A few days ago, when I was checking my credit card bill, I was surprised to find that the MongoDB Atlas managed database had deducted nearly $200 last month. It might be because I deployed some cronjobs last month, which used a large amount of database. However, it's unacceptable that a few small services generate such high costs. I thought I couldn't afford MongoDB Atlas anymore. But I couldn't find a substitute for MongoDB hosting for the time being, so I tried to start a MongoDB hosting instance on Railway. I dumped the old data over and restarted all related services, and the migration was completed in about ten minutes. I just took a look at the Usage statistics of Railway. Based on the average CPU/MEM usage per minute, I estimated the monthly cost, which would not exceed $5 🫠 (much more cost-effective than charging based on the number of reads and writes). However, as mentioned before, Railway does not have a strong guarantee for the availability of the database, nor does it have an explicit data backup solution. I plan to write a script with Github Action to dump the database to S3 on a schedule, and use it temporarily.
January 31, 2023
The Wikipedia enhancement plugin Wikiwand that has been on hiatus for several years has recently updated to 2.0version. In addition to a more modern UI design, it also adds a TLDR mode based on GPT-3, assuming the reader is a child to let AI summarize the entry. After using it for a few weeks, browsing Wikipedia has become a pleasure.
January 31, 2023
I recently tried out railway.app, deployed some services, and here are some of my thoughts: - Similar to Heroku, service instances are not destroyed, so there are no cold start issues. - Billing is based on CPU and memory usage + duration. If the monthly consumption is less than $5, no charges are applied. - If you do not enable the paid plan (link a credit card), there is also a $5 allowance per month, but the total online duration of instances is limited to 500 hours (21 days) per month.
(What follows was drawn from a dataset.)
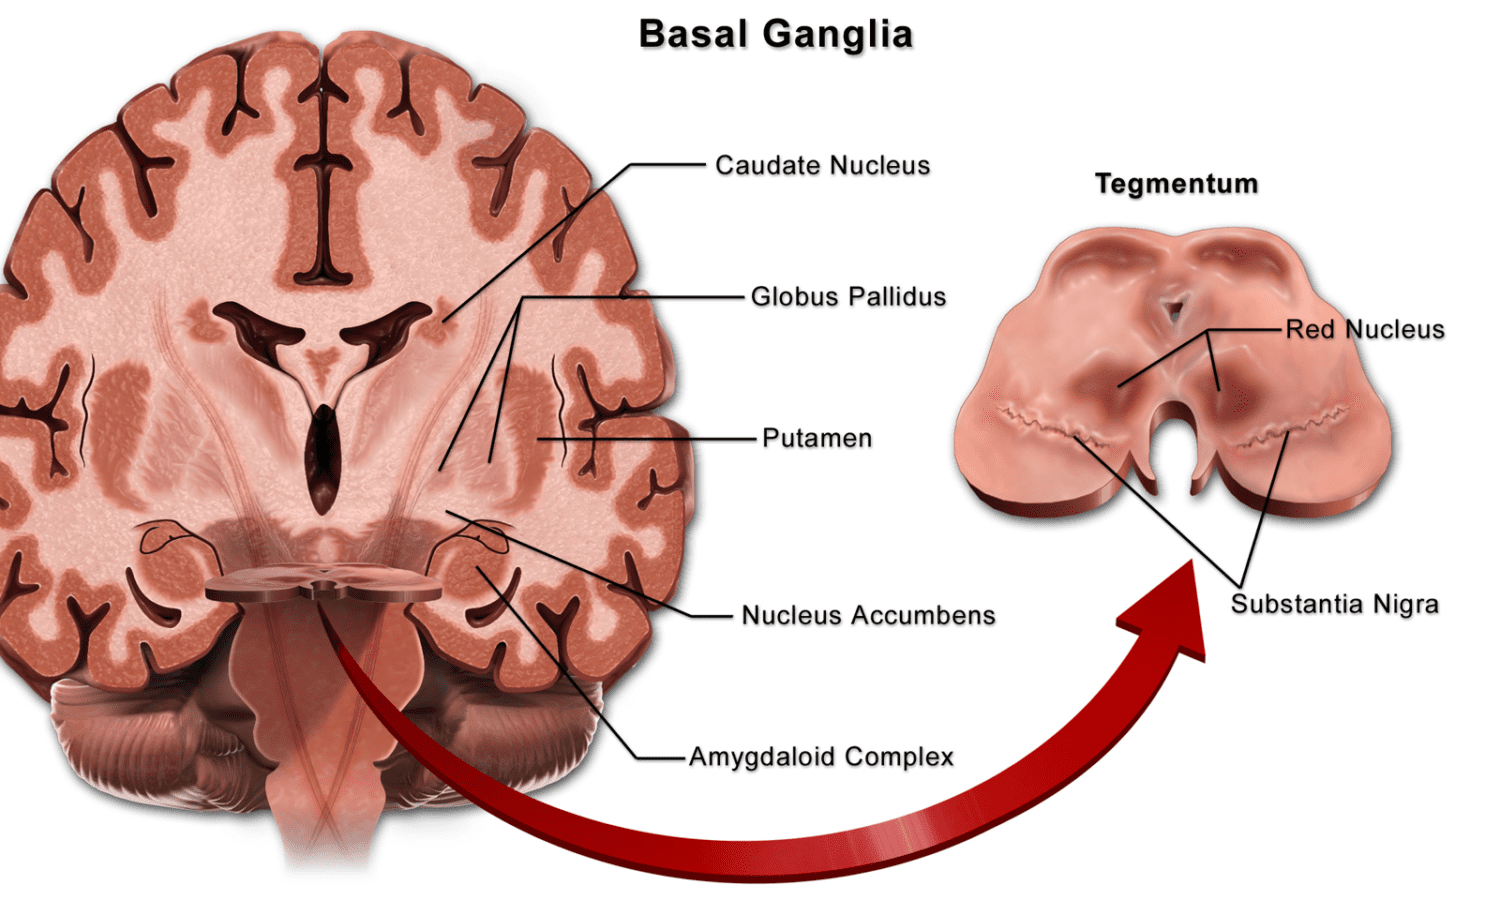 Basal ganglia and infant brain damage - birth injury

In other words, if you want to deploy services for a long term, you must enable the paid plan. - You can deploy databases (PG, MySQL, Redis, MongoDB), and also support accessing and operating the database from the front end. However, I haven't seen any database expansion, backup functions, etc. It seems to simply provide a database container instance, which is not suitable for production. - Railway has the concept of Project, where a Project can have multiple environments, deploy multiple services/databases, much like K8S's Namespace, suitable for business isolation. - It automatically recognizes the Dockerfile in the project to build and deploy images, and the build speed is relatively fast. - Like Vercel, it does not support VPC, which means if you make service-to-service calls, services can only access each other through public domain names, which is relatively insecure. However, this feature is already in the WIP state in the roadmap, so it's promising. - It does not retain historical logs, and you need to rely on external log services like logtail for log storage. - It does not support cronjob, and the solution given in the documentation is to start an instance for scheduling... Overall, for individual developers, the Railway experience is okay. But after all, it's a startup company that's only two years old, and the platform features and documentation are not yet fully developed.
November 22, 2022
In the latest Next.js13 appdir documentation, Vercel introduces the Comments component. You only need to log in to Vercel to comment anywhere on the page. It's very similar to Figma's comment system, except that the canvas is replaced with a webpage. Vercel also developed this capability for Vercel users. All Preview Deployments (non-main branches) can be directly enabled. By default, only members of the organization to which the current Deployment belongs can comment, but permissions can be opened to any user. Once a comment is made, Vercel will sync the comment to the corresponding branch's PR, which can naturally integrate into the development process. Wouldn't it be interesting to create a Disqus service in this mode?
November 9, 2022
https://github.com/topgrade-rs/topgrade A single command updates packages in various package managers, including homebrew/zsh plugins/pip/npm/docker images, etc. Not updating will make Star Wars fans feel comfortable.
November 8, 2022
https://vercel.com/analytics Vercel has acquired Splitbee, integrating visitor analysis into its own Analytics. There's no need to specifically introduce Google Analytics for personal projects anymore. I've always wanted to try Splitbee, I like its product tone, now it's more convenient.
October 26, 2022
https://mp.weixin.qq.com/s/W_9XYkF5Y_-M-aLdB-b_Ng
October 9, 2022
https://makeavideo.studio/ Meta's AI video generation is too cool!
September 30, 2022
I came across this issue unintentionally. When we use Notion as a CMS to build a website, we can't avoid the problem that Notion's S3 image links will expire. Because the images will expire, the statically generated web pages often can't load the images. Even now, if you go to the Railway blog, you can still find that some images can't be loaded. The simplest way to avoid this problem is not to host the images on Notion, but to use external links to insert into Notion, which is a bit troublesome as it requires uploading to the image hosting first. The issue poster chose to give up SSG and use SSR rendering, which can ensure that the image links sent each time are the latest. This will definitely cause the web page to load slowly (you can't use CDN, if you use CDN, you can't ensure the page is up-to-date). My homepage is also built with Notion, but I have done a lot of pre-rendering work on the server side, so SSR is definitely unacceptable. My current solution is to use a cronjob to pull the website's sitemap, use Next.js's revalidate feature to periodically regenerate each page, and ensure that the newly rendered pages are cached by Vercel's CDN. It's a very crude solution, but it seems to work well so far, and the front-end loading speed is very fast. However, I have another unverified method: Since we host images directly on Notion for convenience, we can regularly scan the page through the Notion API, download the images hosted on Notion, upload them to the image hosting, and replace the original images. Although it seems to solve the problem at the source, it doesn't seem to be very convenient.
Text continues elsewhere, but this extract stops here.